Автомобиль резко затормозил. Василий Иванович рыкнул:

– Выходи, дальше сам ножками дойдешь.

– Спасибо, что подбросили.

В монастыре поднялся в храм по крутой лестнице, подал записки, поставил свечи и вошел под древние своды дома молитвы. Краем глаза отметил для себя, что игумен Паисий говорит с прихожанином.
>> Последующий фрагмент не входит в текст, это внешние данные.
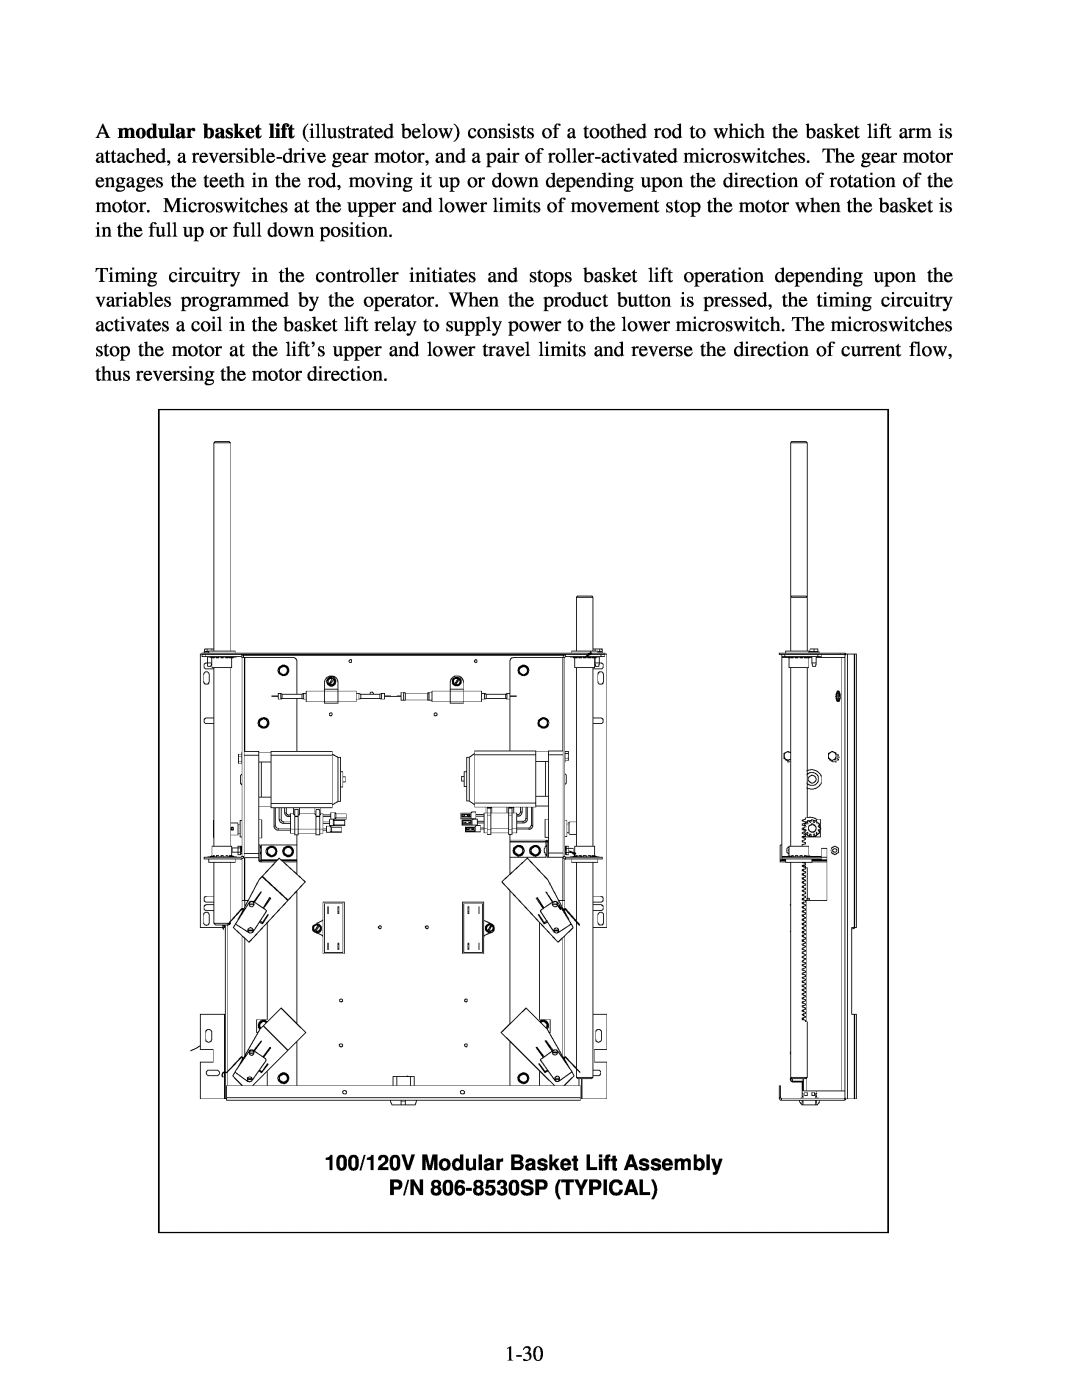 Frymaster H50 Series manual 100/120V Modular Basket Lift Assembly, P/N 806-8530SPTYPICAL 
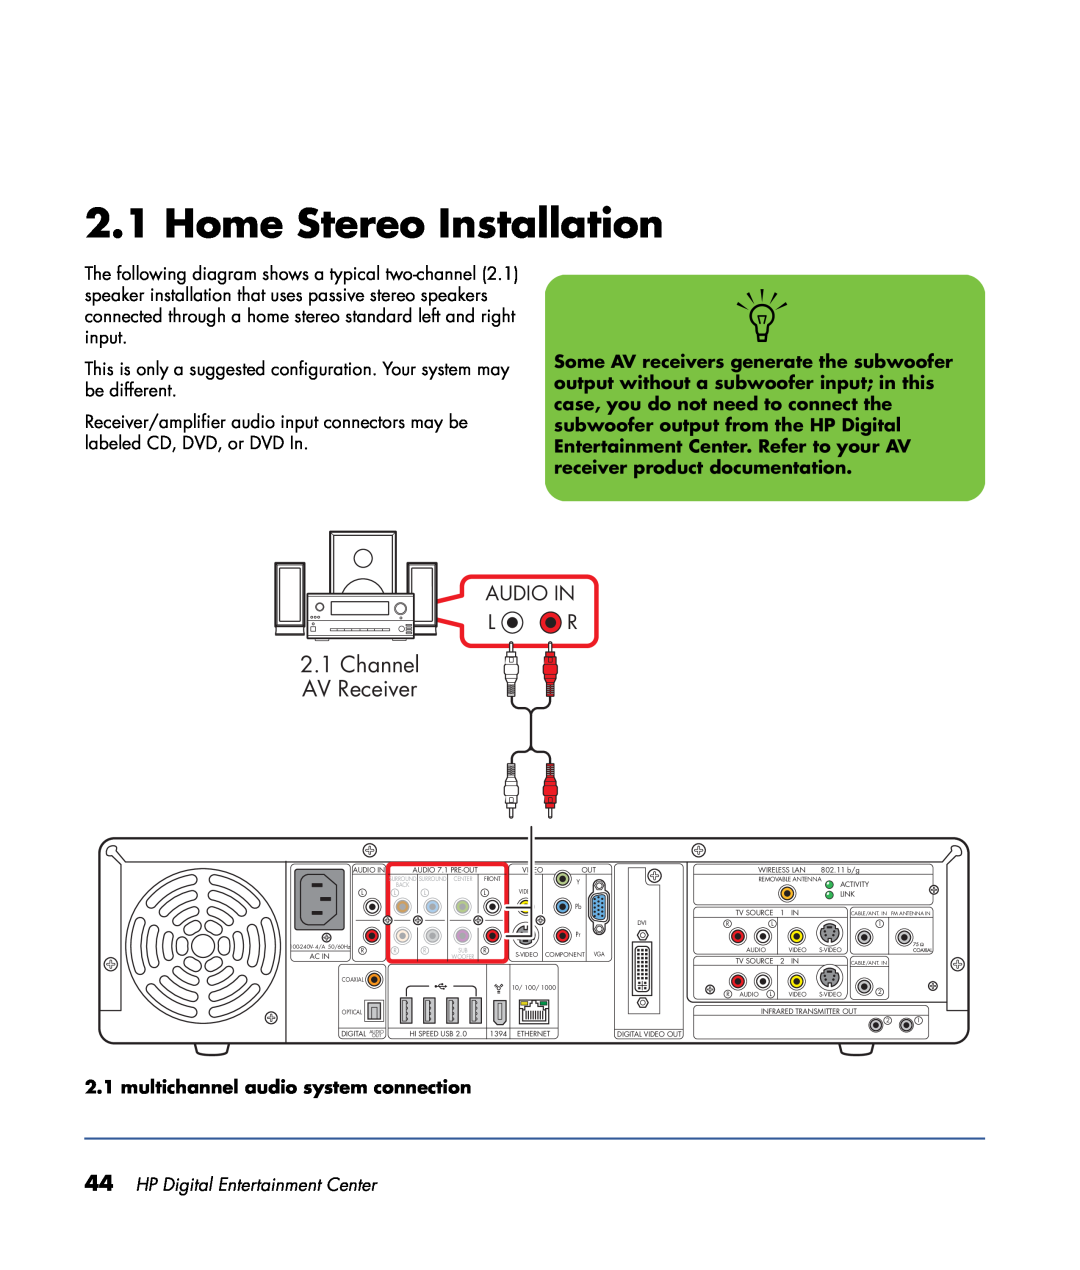 HP z557, z555, z552, z545 Home Stereo Installation, Channel AV Receiver, Audio In L R, multichannel audio system connection

Встал у Распятия, восстановил молитвенную пульсацию. На душе стояла очень приятная тишина. Хорошо мне было здесь, рядом с моим Иисусом.

– Так говоришь, нервничает старый бандит? – с улыбкой переспросил игумен. Я только что поведал ему о своих приключениях, во всех подробностях. – Бедные, бедные люди… Как же их нечистый водит, как рабов на привязи. Жалко их, ох, как жалко.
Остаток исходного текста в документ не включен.